One has just been sent out as a biblical dove, has found nothing green, and slips back
into the darkness of the ark -- Kafka

Saturday, December 24, 2016

Chateaubriand: The Execution of His Cousin

On the day of execution, I wanted to accompany my comrade onto his last field of battle; I could find not a single carriage, and hurried on foot to the Grenelle Plain. I arrived, drenched in sweat, a moment too late: Armand had been shot against the outer wall of Paris. His skull was shattered; a butcher’s dog was licking his blood and brains. I followed the cart which carried the bodies of Armand and his two companions, plebeian and noble, Quintal and Goyon, to the Vaugirard cemetery where I had buried Monsieur de Laharpe. I saw my cousin for the last time, without being able to recognise him: the bullets had disfigured him, he had no face left; I could not see the ravages of time there, nor even see death there within that shapeless, bleeding orb; he remained youthful in my mind as at the time of Libba and Thionville. He was shot on Good Friday: the Crucified One appears to me at the end of all my ills. When I walk along the ramparts of the Grenelle Plain, I stop to look at the bullet marks, still visible on the wall. If Bonaparte’s lead had left no other traces, he would no longer be spoken of.

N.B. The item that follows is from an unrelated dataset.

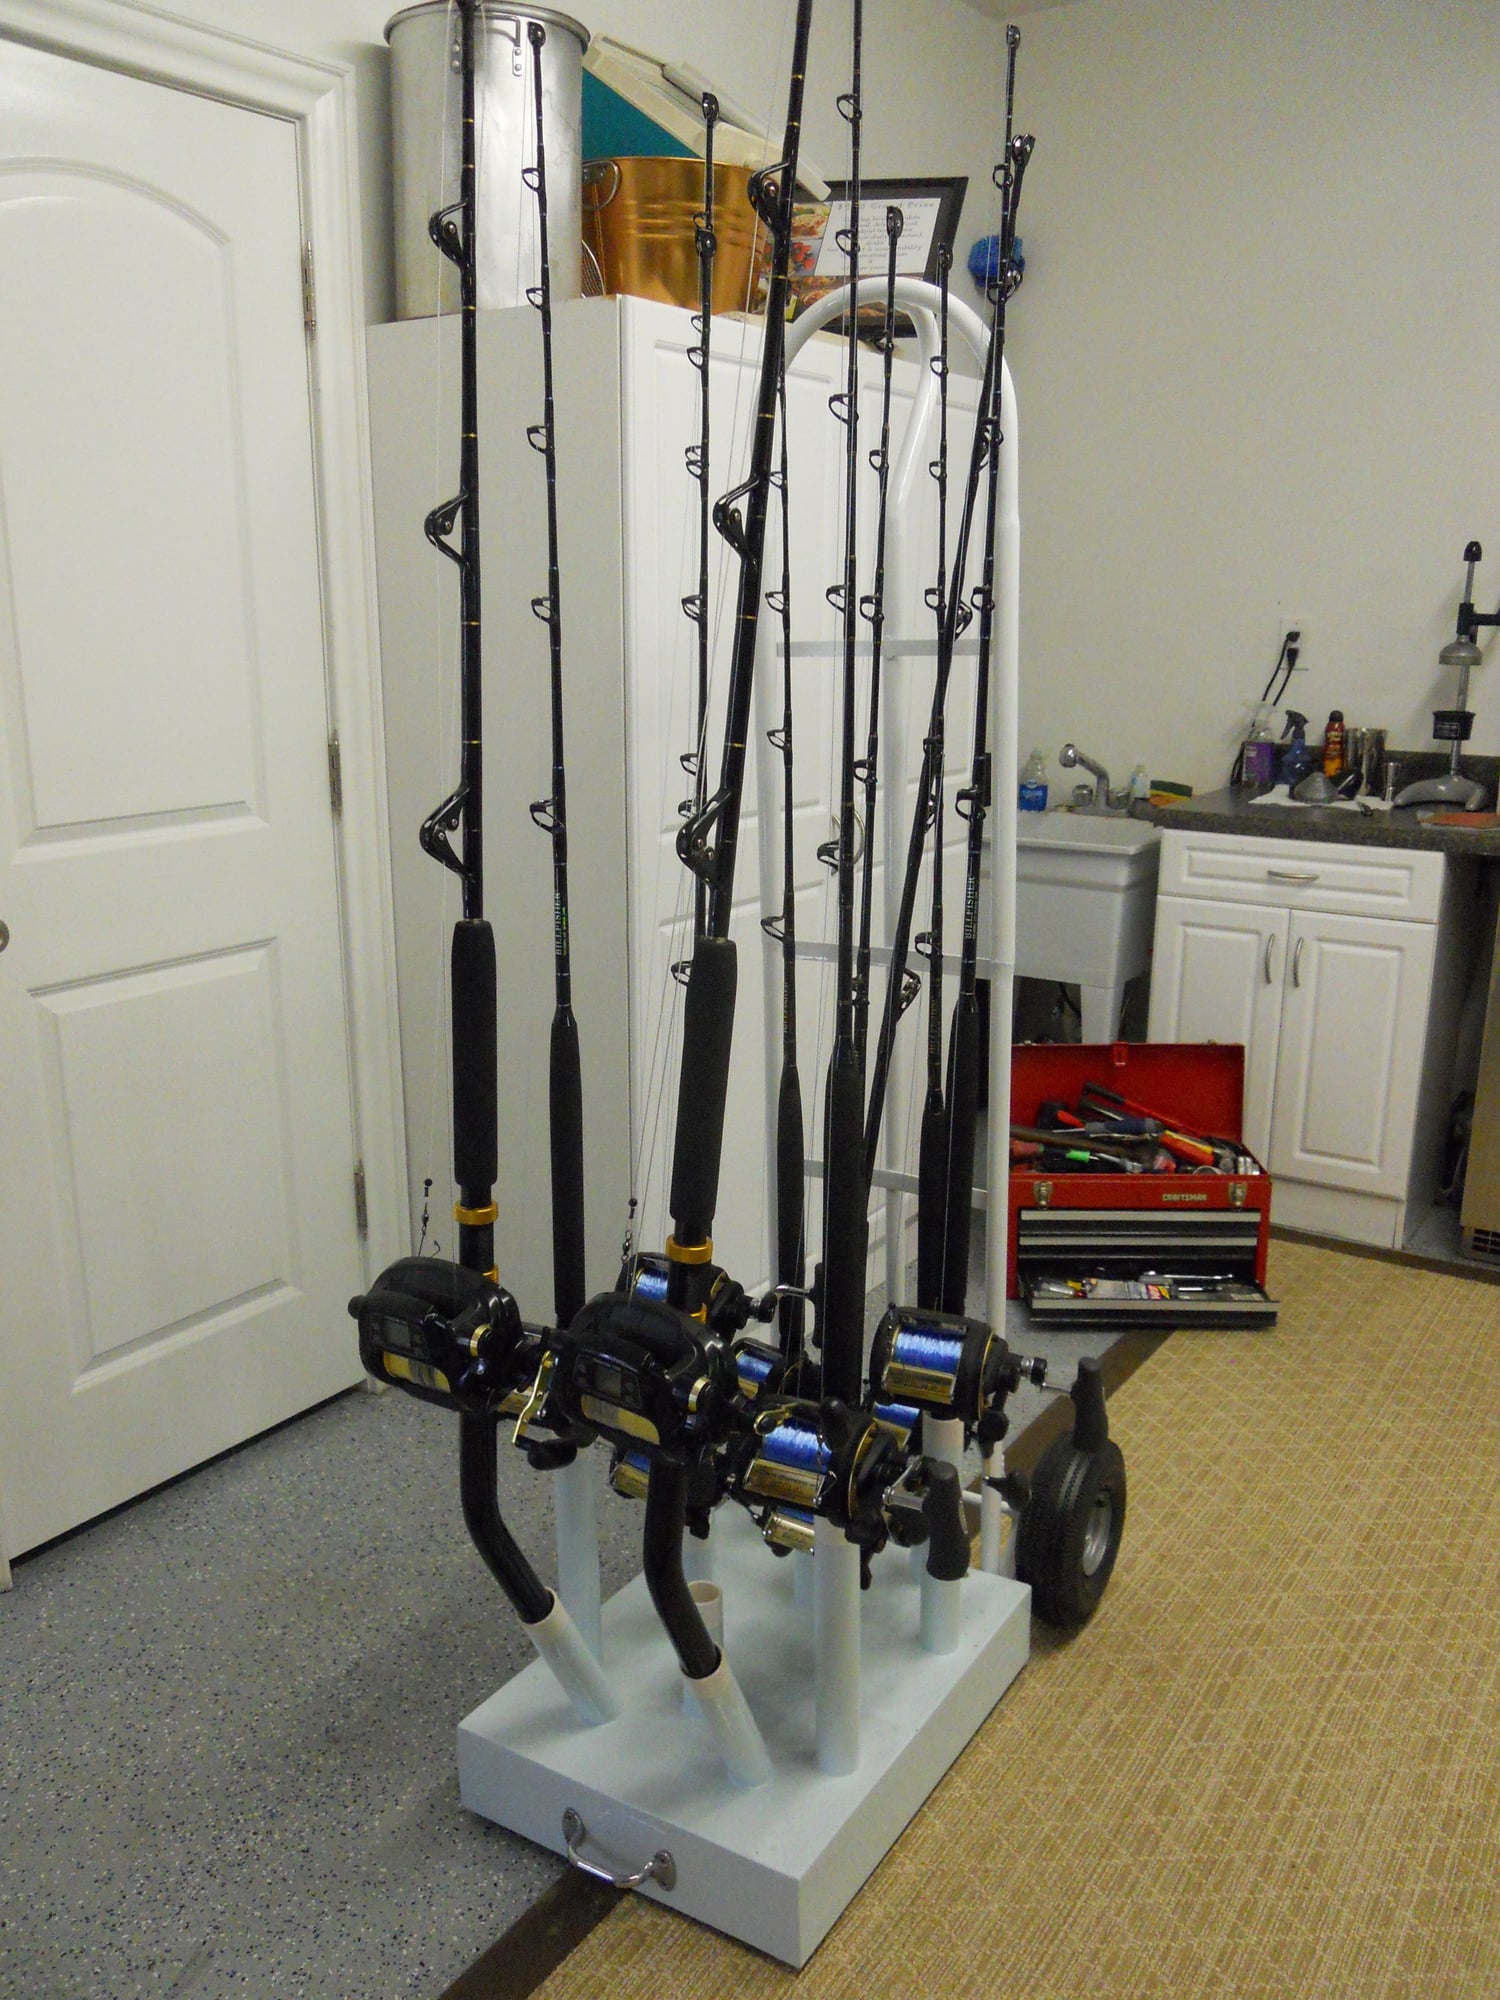 How do you store your rods? - The Hull Truth - Boating and Fishing Forum
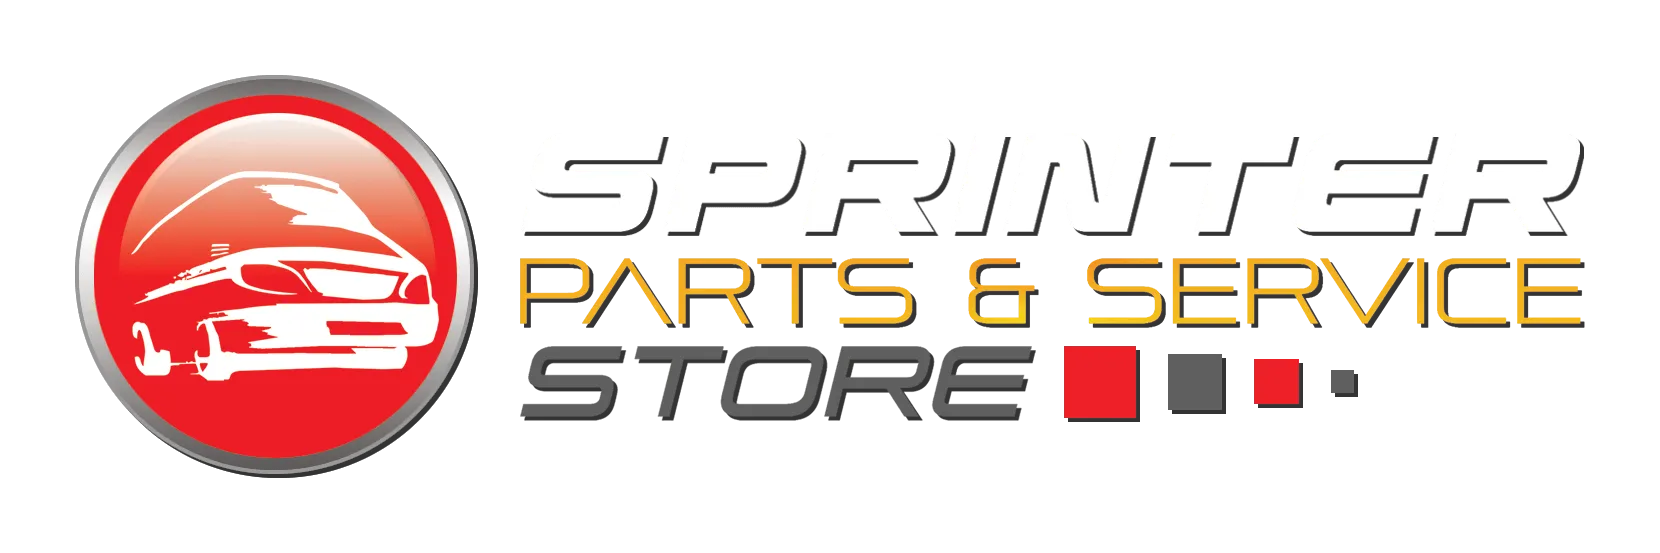 Sprinter Parts And Service Store

A strange linkage of destinies! General Hulin, the Military Commandant of Paris, named the commission which blew out Armand’s brains; he had been, in the past, named as President of the commission which shattered the Duc d’Enghien’s skull. After that first misfortune, ought he not to have abstained completely from councils of war? And I, I spoke of the death of the Great Condé’s descendant without mentioning General Hulin’s part in the execution of an unknown soldier, my relative. For judging the judges of that tribunal at Vincennes, I have doubtless, in turn, received my commission from Heaven.